Pengasuh Ponpes Darul Falah Jekulo Kudus, KH Ahmad Badawi Basyir
Pengasuh Ponpes Darul Falah Jekulo Kudus, KH Ahmad Badawi Basyir

Semarang, Aktual.com — Para kiai dan nyai pengasuh pondok pesantren mengusulkan batas usia pernikahan bagi perempuan dinaikkan menjadi dua tahun dari sebelumnya 16 tahun. Mereka yang tergabung dalam organisasi Musyawarah Pengasuh Pondok Pesantren Indonesia (MP31) merekomendasikan agar ada perubahan pasal undang-undang Perkawinan No 1 tahun 1974.

Rekomendasi itu merupakandari hasil workshop dan bahsul masa’il yang digelar di Hotel Horison Semarang, sejak 22-24 April 2016.

Menurut Dewan Pembina MP3I KH Ahmad Badawi Basyir, batas usia menikah itu diputuskan setelah banyak membertimbangkan aspek, terutama fiqih, kesehatan, maupun psikologis.

Menurut dia, usia nikah 16 tahun bagi perempuan itu rawan masalah, banyak mudhorot (kerugian) dan tidak sesuai dengan definisi anak yang telah ditetapkan secara internasional yaitu 18 tahun. “Para kiai sepakat mengusulkan batas usia perempuan diijinkan nikah adalah 18 tahun,” tuturnya.
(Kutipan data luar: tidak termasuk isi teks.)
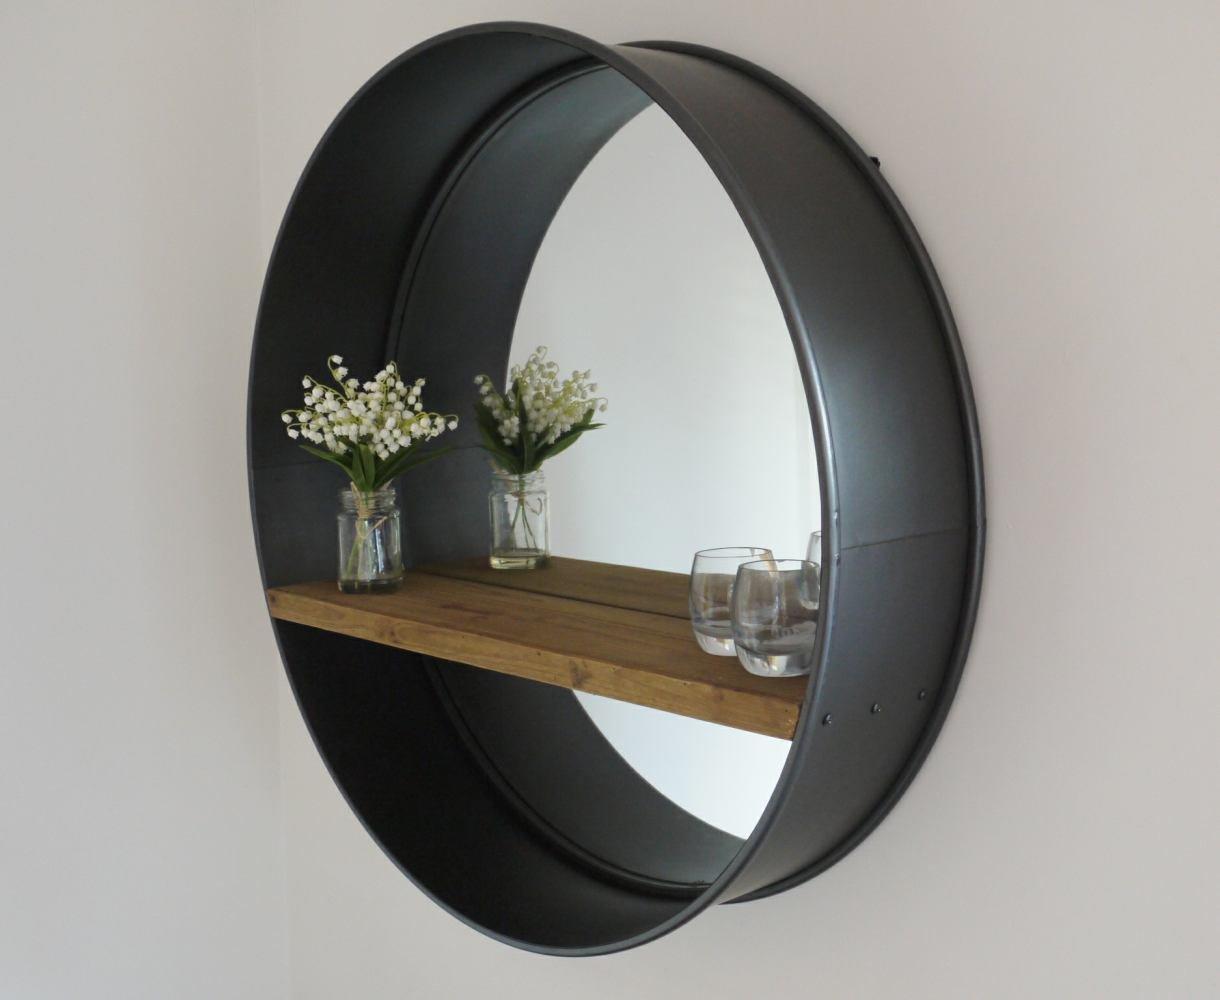 Retro Industrial Round Mirror With Shelf Amazoncouk Kitchen Home

Pengasuh Ponpes Darul Falah Jekulo Kudus ini menjelaskan, sebelum memutuskan rekomendasi tersebut, para peserta bahsul masail telah mendengar paparan dari pemerintah. Yaitu dari Kementerian Pendidikan dan Kebudayaan, Kementerian Tenaga Kerja dan Transmigrasi, Kementerian Pemberdayaan Perempuan dan Anak, dan Kementerian Kesehatan. Serta telah mendengar penjelasan dari pakar psikologi.

“Kami telah mendengarkan paparan dari berbagai pihak, bahwa perkawinan usia anak, yakni di bawah 18 tahun, itu banyak resiko kesehatan dan kejiwaan,” beber dia.
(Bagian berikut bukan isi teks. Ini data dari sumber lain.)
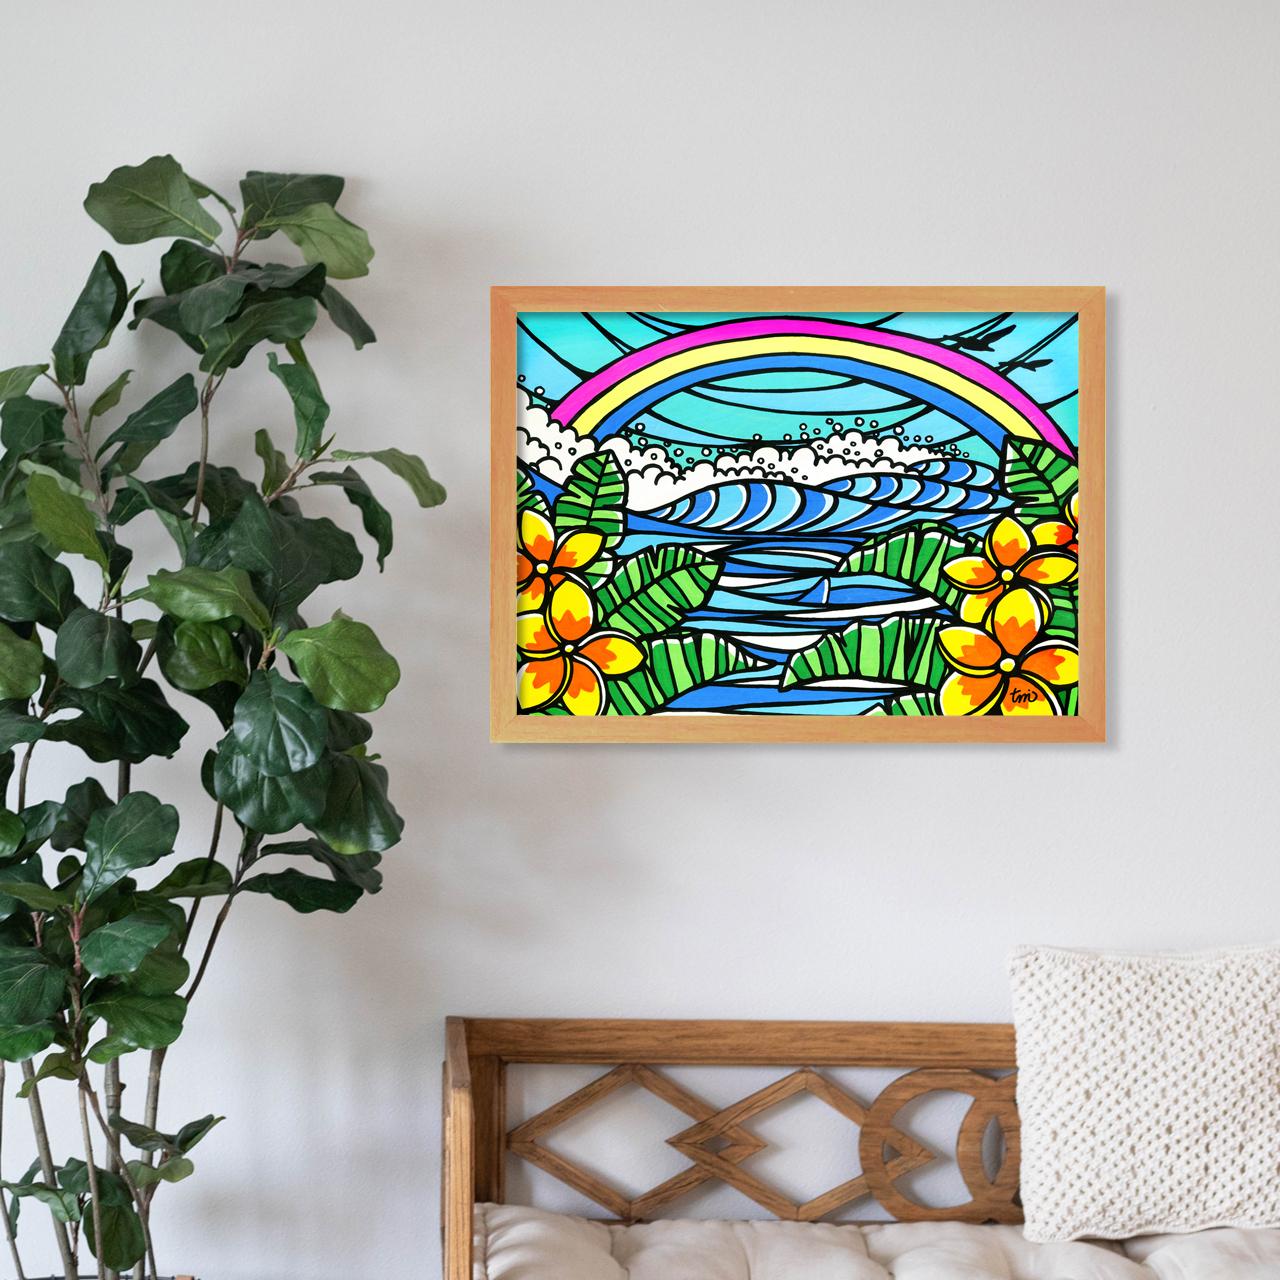 原画 A3(Rainbow Plumeria)

Lebih lanjut ia menerangkan,  disyariatkannya agama Islam itu tujuan akhirnya untuk maslahatul ummah (kebaikan umat). Negara dalam kewajibannya melayani warga juga harus berorientasi kebaikan warganya. Maka menikah harus diupayakan saat seseorang telah dewasa. Dan dewasa menurut yang berlaku di dunia saat ini adalah saat orang berusia 18 atau lebih.

“Definisi fiqih tentang baas nikah adalah telah bulugh (baligh), yakni berfungsinya organ reproduksi, itu perlu ditinjau ulang demi mengupayakan maslahat,” paparnya.

Kata dia, para peserta juga sepakat meminta pemerintah mengadakan kursus pra nikah sebagaimana di Malaysia. Pemerintah harus memastikan setiap orang siap menikah baru boleh menikah. “Ini perlu digarap oleh Kementerian Agama dan bisa melibatkan kementerian lain,” imbuhnya.